Une Union qui protège, maintenant ? Des considérations de temporalité
La politique européenne de la santé se prête parfaitement à cette tradition, ancrée dans les discours politiques, selon laquelle l’Union européenne se ferait dans les crises. En effet, elle s’emploie actuellement à redonner un souffle à sa politique de santé, principalement pour tirer les leçons de la pandémie de covid-19. Une crise devenant ainsi une étape supplémentaire dans la construction d’une politique européenne de la santé.
Certes, lors de cette crise sanitaire, l’Union européenne s’est illustrée par son temps de latence réactionnel. Une lenteur admise et due, en partie, par une certaine réticence des États membres lorsque le vent d’une solidarité européenne s’est levé. Mouvement regrettable, à l’heure où l’unilatéralisme n’est plus synonyme de puissance ou de pertinence, une intervention à l’échelon européen ne faisait alors que peu débat.
Toutefois, l’Union européenne a fini par mettre à profit ses instruments et compétences pour ne pas rester passive dans la gestion de cette crise sanitaire. Une initiative qui n’allait pas de soi, car en matière de santé, l’Union européenne ne possède qu’une compétence d’appui et de coordination, compliquant le développement d’un plan d’action européen. Bien que l’article 168 du Traité sur le fonctionnement de l’Union européenne (TFUE) ne semble pas laisser de grandes marges de manœuvre, son interprétation permet, en cas de fléau comme la pandémie de covid-19, de parvenir à une action européenne, tant que les volontés étatiques suivent. Les institutions européennes, par une mise en balance de leurs fonctions et de leurs contraintes systémiques, ont toutes participé à cet effort de crise. Ainsi, malgré la minceur du paquet législatif européen en matière de santé, l’Union européenne est parvenue à s’adapter pour offrir une réponse cohérente. Au regard des dysfonctionnements organiques révélés lors de cette pandémie, il serait délicat de ne pas voir que certains mécanismes et organes épidémiologiques ont failli au « stress test » qu’a constitué la crise sanitaire.
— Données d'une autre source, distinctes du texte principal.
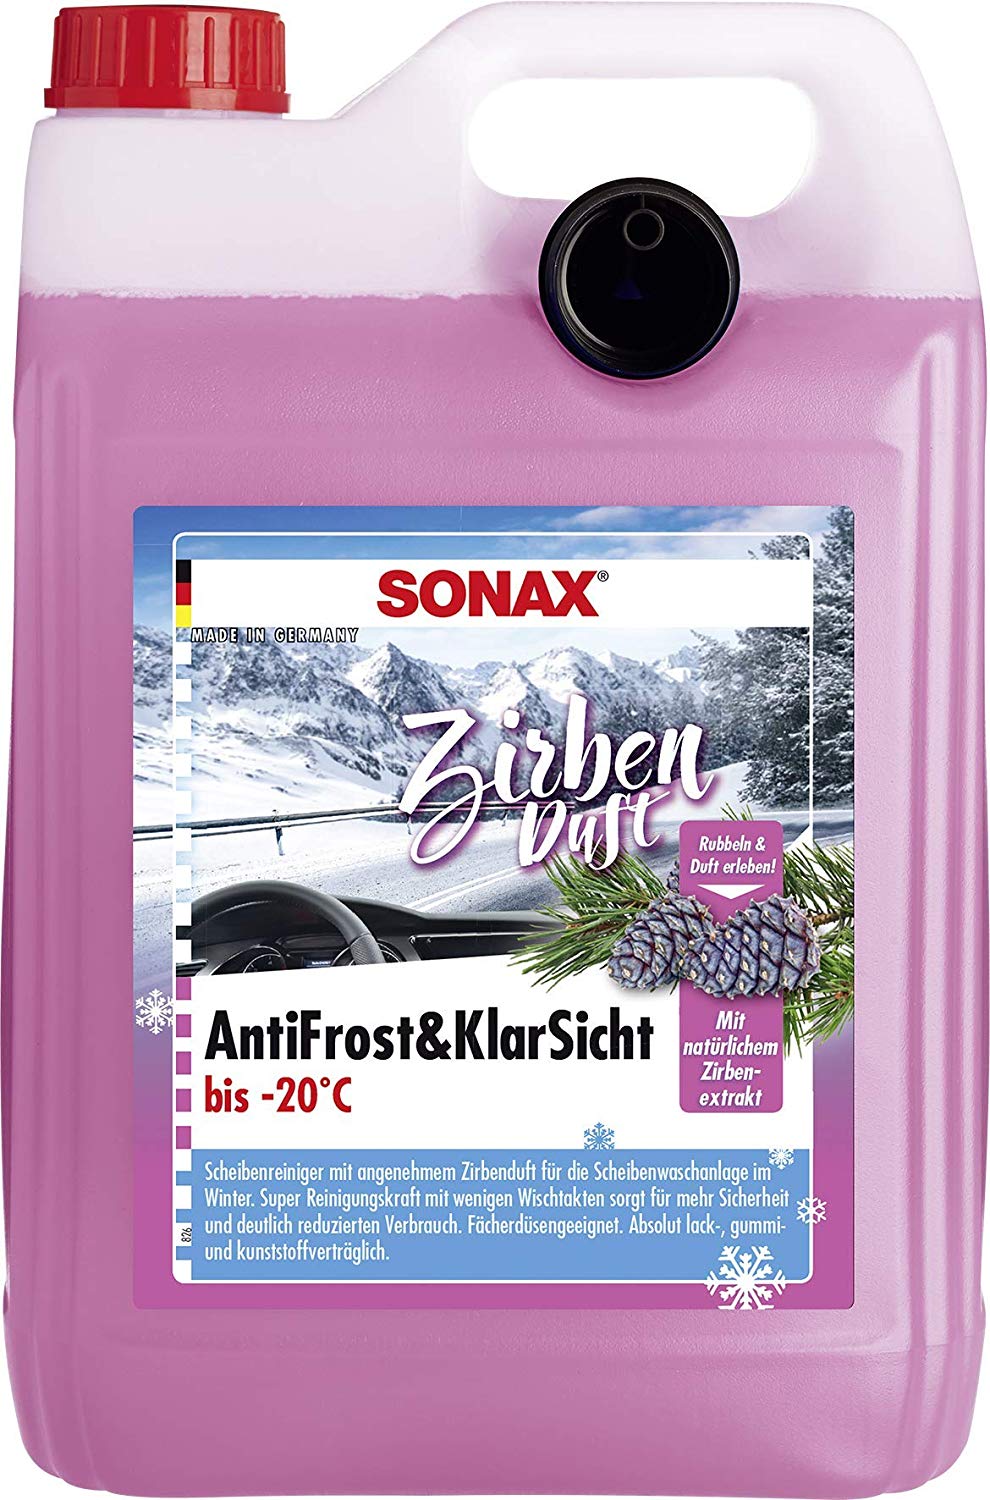 Sonax AntiFrost & KlarSicht Zirbe 5 Liter

Mais, à l’inverse, il ne serait pas raisonnable d’opposer une absence d’action lorsque les moyens de cette entreprise n’ont pas été donnés. La Commission européenne a par ailleurs admis un manque de préparation et de planification, ainsi qu’une inadéquation des structures, preuve d’une prise de conscience européenne de la nécessité d’investir dans le « au cas-où ».
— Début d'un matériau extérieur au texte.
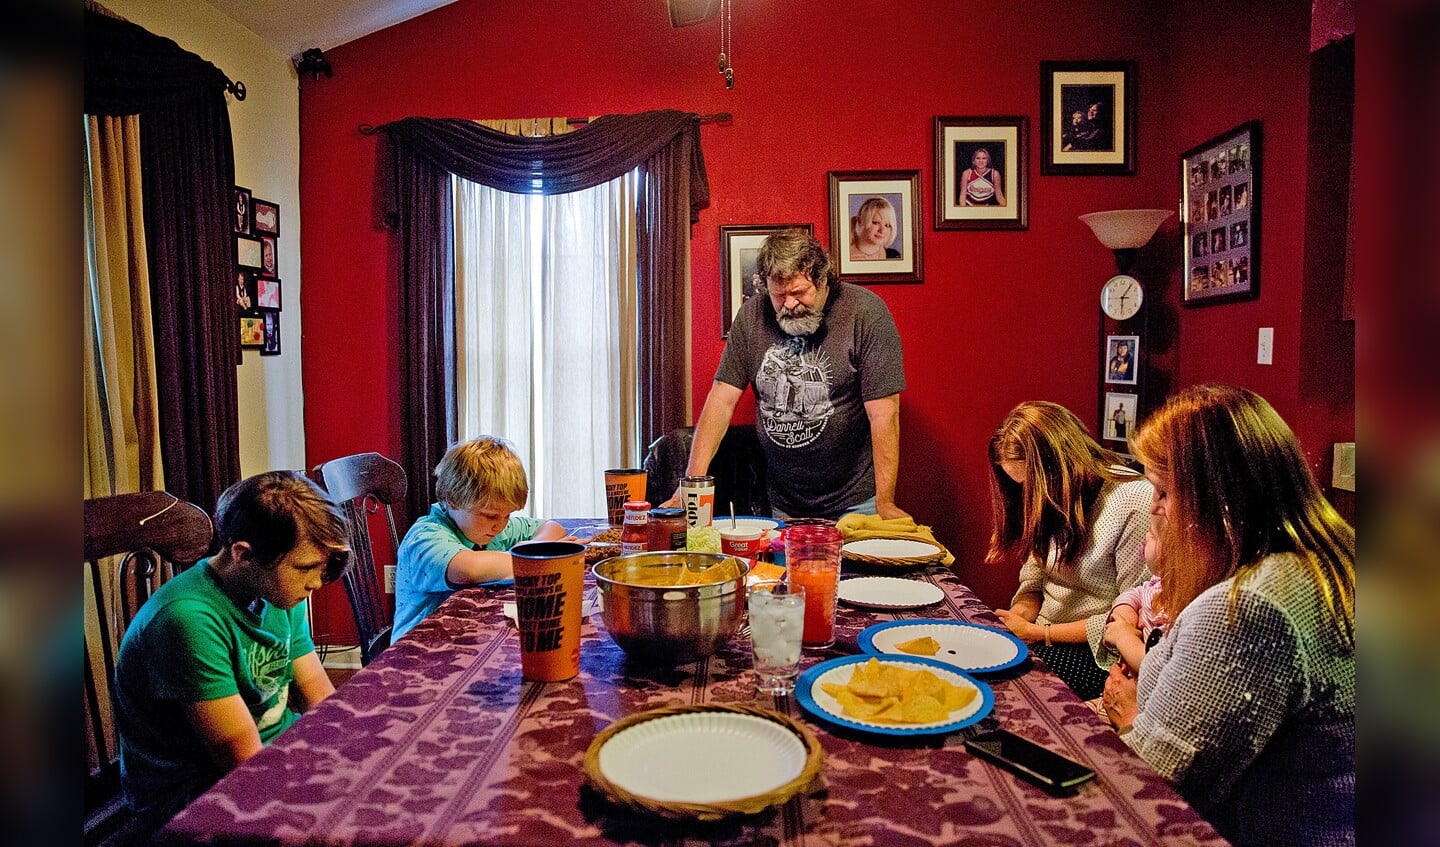 Eddy Sweat bidt thuis voor de maaltijd; aan tafel zitten zijn kleinzoon Robbie (helemaal links) en zijn vrouw Cathy (helemaal rechts), evenals zijn dochter Tabitha en haar kinderen Landon en Lyla. Eddy en Cathy hebben de voogdij gekregen over Robbie.

Il est important de préciser ici que la réaction européenne lors de la pandémie de covid-19, non négligeable bien que tardive, doit être vue comme l’ajout d’une pierre à un édifice en construction, plutôt que comme une introduction ad hoc. En effet, l’Union européenne avait posé les fondations d’une politique européenne de la santé bien avant la pandémie ; à ce titre, une mention de la préservation et de la protection de la santé du travailleur était présente dès les débuts de l’Union[1]. C’est toutefois par le biais d’aspects économiques que la politique européenne de la santé s’est façonnée. Les libertés de circulation et le marché intérieur ont notamment porté l’introduction, par le concours significatif des juges européens, de la libre circulation des médicaments, des patients, des soins ou encore des praticiens de santé. Libertés, amenant à leur tour des introductions conséquentes au sein de l’Union, comme une compétence et des moyens dédiés[2].
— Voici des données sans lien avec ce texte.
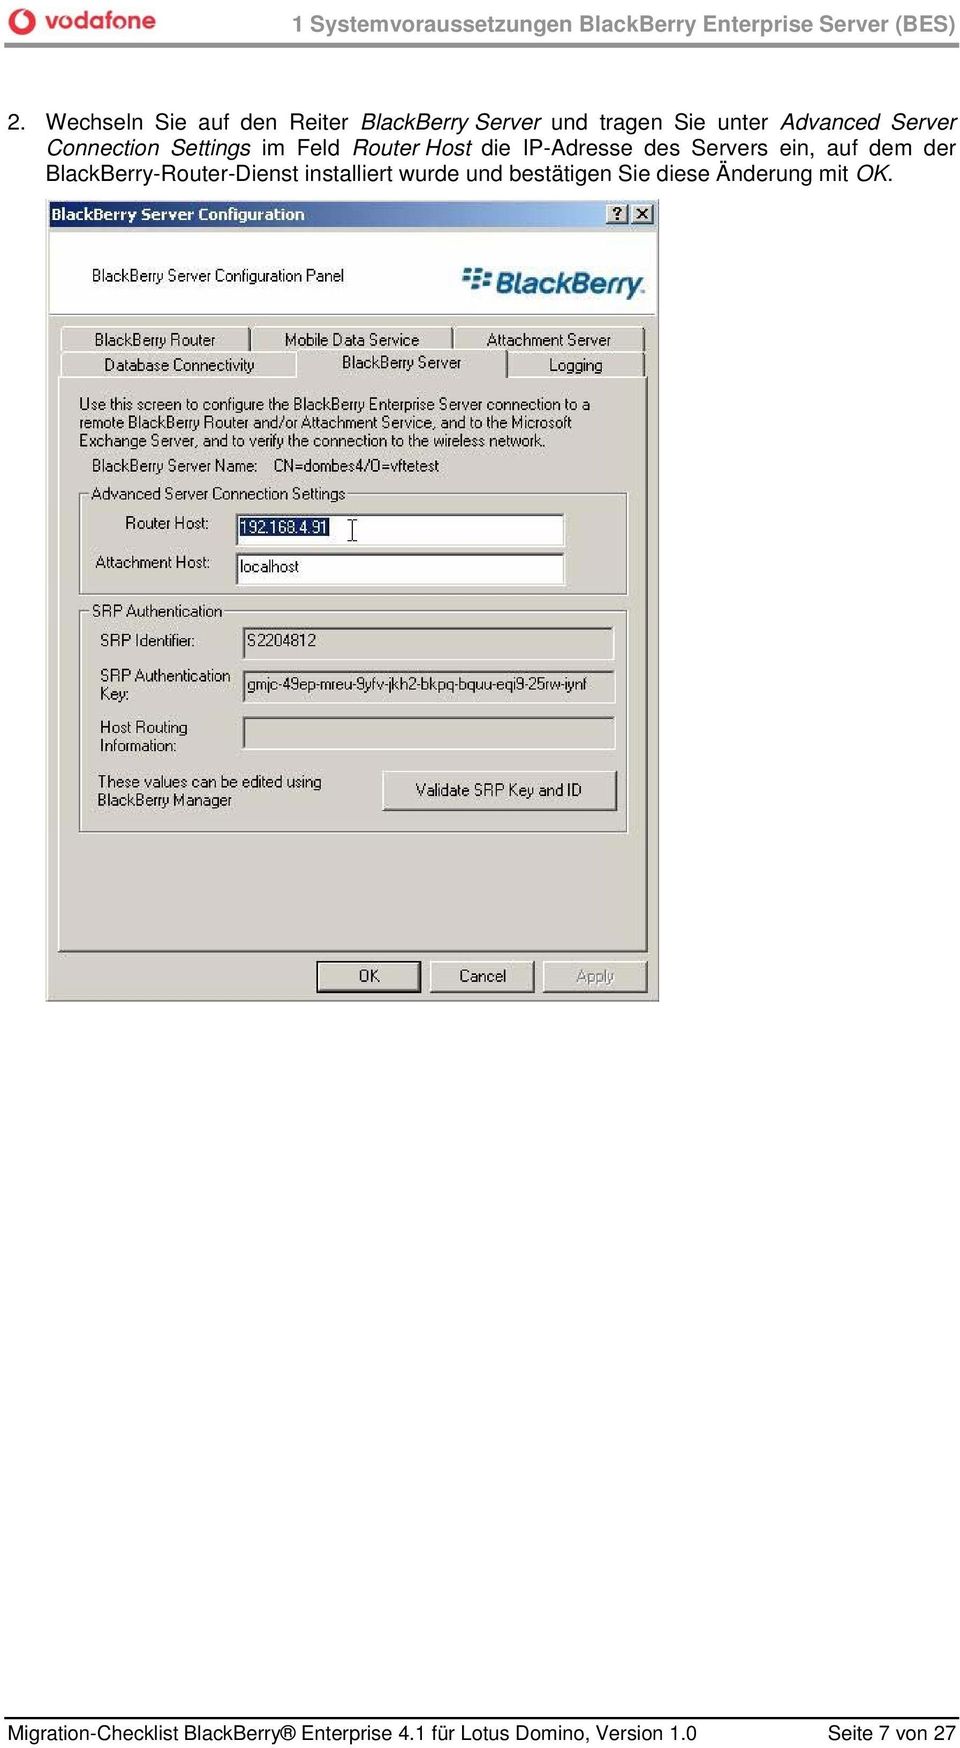 Settings im Feld Router Host die IP-Adresse des Servers ein, auf dem der BlackBerry-Router-Dienst

Une fois ce bilan dressé, il faut souligner que la politique européenne de santé a encore beaucoup à offrir. Non seulement la réaction sanitaire européenne n’était qu’une solution palliative, mais c’était surtout une étape dans l’histoire de l’intégration européenne. Ne représentant pas une finalité en soi, les solutions apportées à cette crise ont tout de même démontré la nécessité d’une politique européenne de santé plus aboutie. C’est d’ailleurs ce que laisse présager le dynamisme européen en la matière : l’Union cherche dorénavant à s’adresser à de nouvelles ambitions sanitaires, à renforcer une « Europe qui protège »[3].
Une Union qui protège, pourquoi ? De l’enjeu d’une politique européenne de santé
Multiforme, la santé est un domaine qui se retrouve au sein de chaque élément européen et c’est précisément la raison fondamentale pour laquelle l’Union européenne doit se concentrer sur le dossier « titanesque » que représente la santé de ses citoyens. La santé est à la fois humaine, sociétale, politique, publique, privée, économique, scientifique, numérique, industrielle. Enjeu tant transversal que polyvalent, la santé contient donc des ramifications dans tous les domaines d’action de l’Union européenne, que ceux-ci soient exclusifs ou partagés. En d’autres termes, la santé transcende les considérations et limitations traditionnelles.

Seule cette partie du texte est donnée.